# August Desktop Thread



## ChaosTheorySD (Aug 5, 2006)

I made this new desktop, and wanted to show it off somewhere, so might as well the new "show off your desktop" thread this month.

I wanted to play around with this style again, plus I've been replaying Majoras Mask. Gotta love that Fierce Deity.







Here's a bigger version of Link if anyone wants to see the whole thing. I like how it turned out.


----------



## PineappleH (Aug 6, 2006)

Nice! I like ur theme. The wallpaper reminded me of Zelda: WW.
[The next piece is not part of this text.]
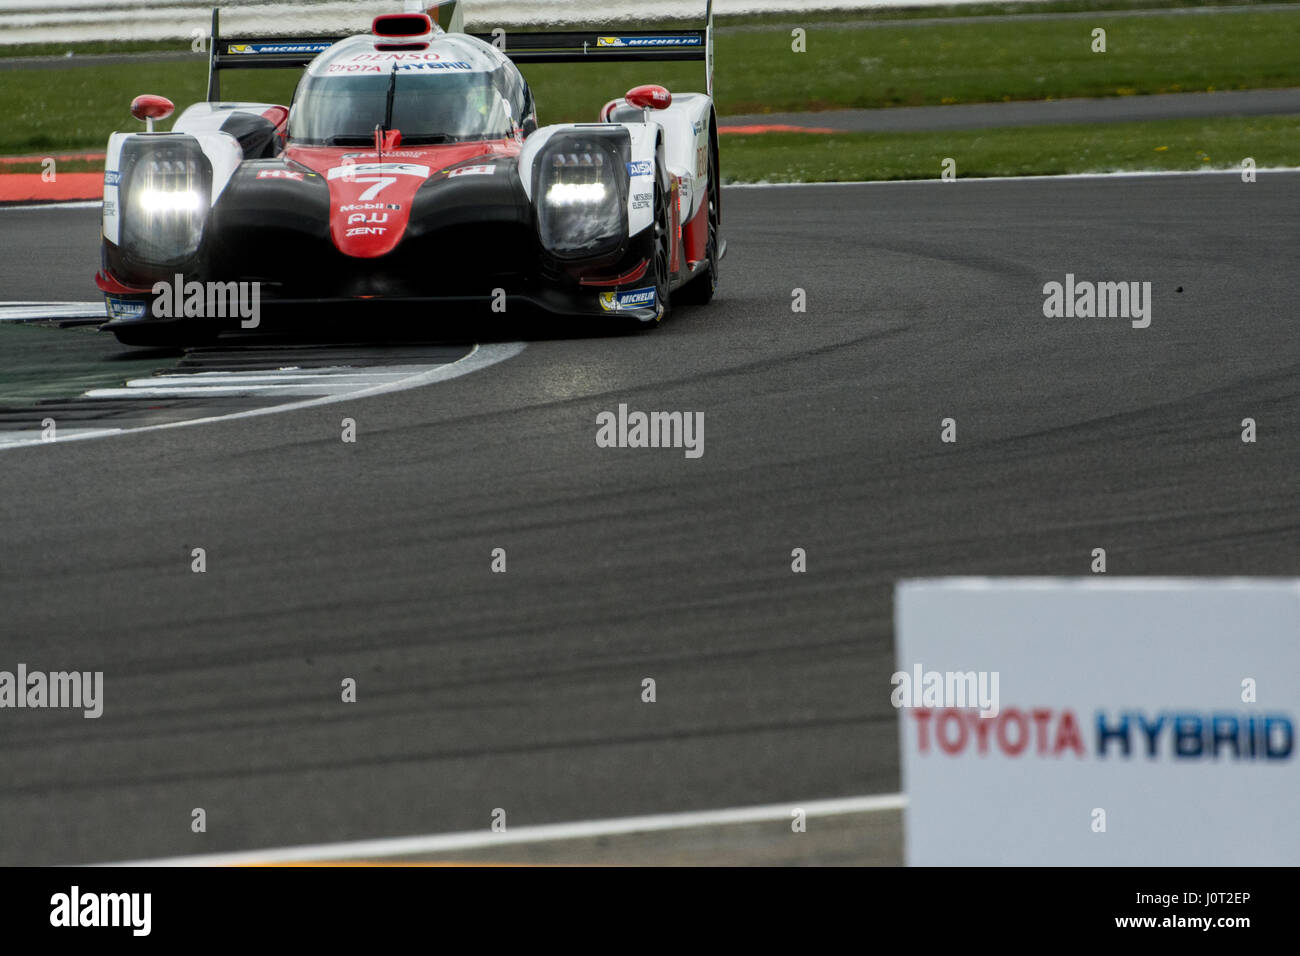 Towcester, Northamptonshire, UK. 16th April, 2017. FIA WEC racing team Toyota Gazoo Racing (Mike Conway / Kamui Kobayashi / Jose Maria Lopez) drives during the 6 Hours of Silverstone of the FIA World Endurance Championship Autograph session at Silverstone Circuit Photo by Gergo Toth / Alamy Live News Stock Photo

Aside from this I'm actually a XP theme noob. There's not much for me to post since it's the original theme. If somebody can teach me the way to change my XP theme (the free way), I would most appreciate it.


----------



## yuwing (Aug 6, 2006)

mine's always been default blue windows bar and default blue color (i took away the wallpaper)


----------



## FAST6191 (Aug 6, 2006)

Same one as a month or two ago except for I have more junk on there now:




I used Terragen to create it in case anyone was interested: http://www.planetside.co.uk/terragen/


----------



## science (Aug 6, 2006)

I didn't make mine, just have it downloaded. I'm still adjusting to it, I don't know if it will last or not. I keep going to the bottom for the task bar, but to find its on the top. I know I put it there, I just wanted it to look more like Mac OS X. 
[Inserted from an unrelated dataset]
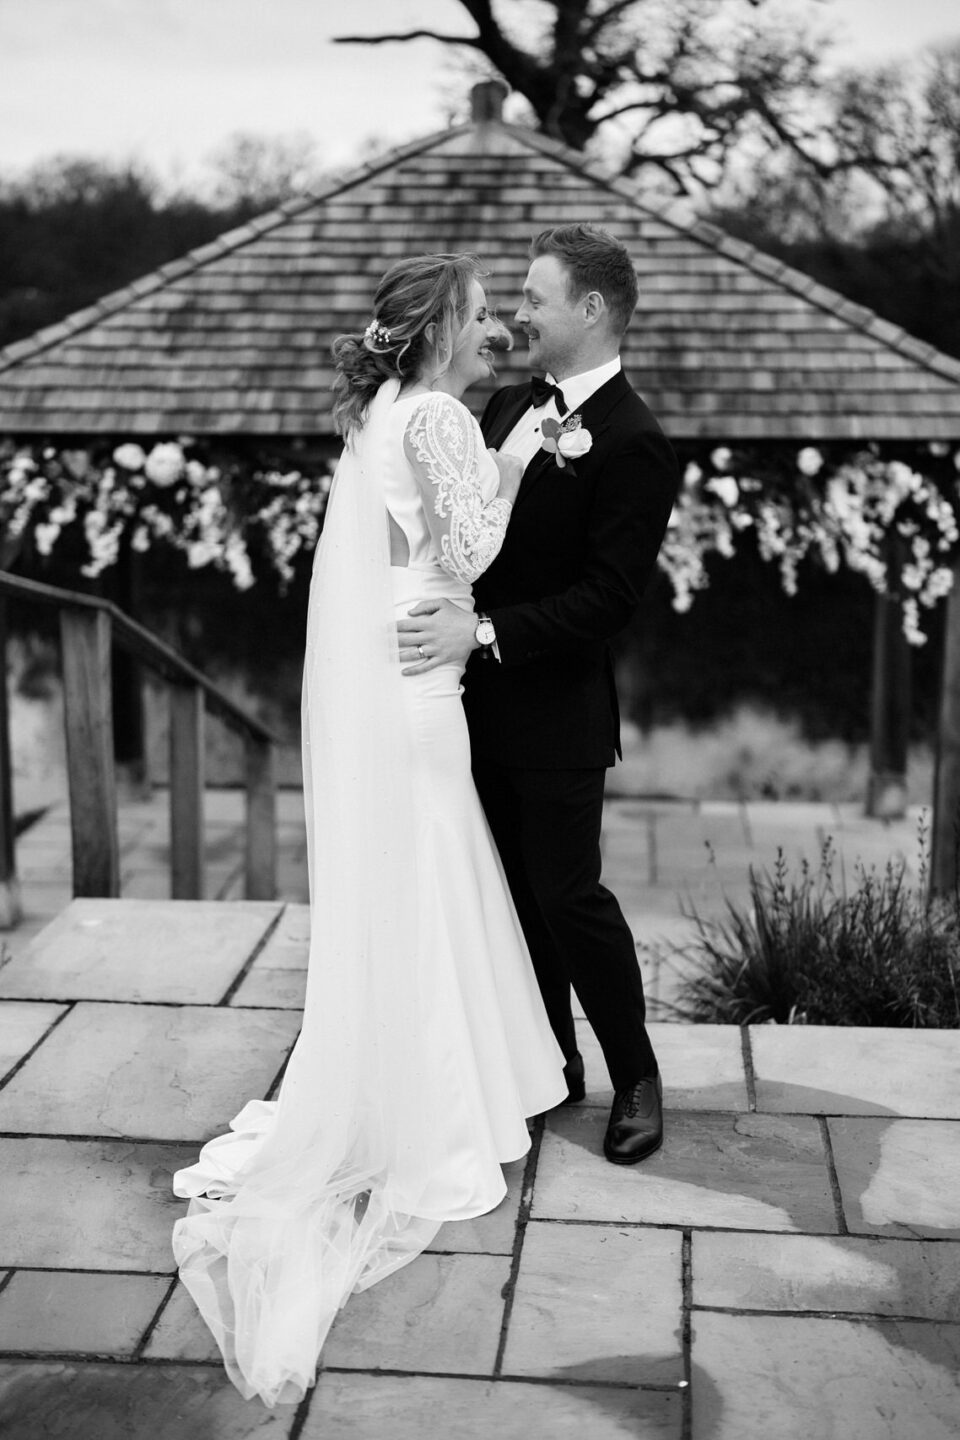 A couple getting married is smooching in front of a small outdoor structure.

EDIT: I forgot to comment on how hot Rihanna is! I know its a tacky desktop, but thats part of the reason I like it.


----------



## KeYbLaDeXaLcHeMi (Aug 6, 2006)

here's mine, it's a little messy.


----------



## science (Aug 6, 2006)

Ehh I already got sick of the one I'm using. Back to Energy Blue


----------



## KroBa (Aug 6, 2006)

My new desktop and theme for this month.


----------



## AshuraZro (Aug 6, 2006)

Not a single change since the end of April, just a failed project or two extra on my desktop so no need for an updated screen. I actually really love the theme I'm on so I doubt I will be changing for a long time. Everything just works so well on it and there's no off colours anywhere.


----------



## xflash (Aug 12, 2006)

meh mine is maybe a lil weird but i like it ya anyway my desktop bg is pretty much just pics of my fav music


----------



## id242 (Aug 12, 2006)

same as last month, kinda.





after seeing some of your posted desktops and liking them, I may change mine soon.


----------



## bubblejoe (Aug 12, 2006)




----------



## Bitbyte (Aug 13, 2006)




----------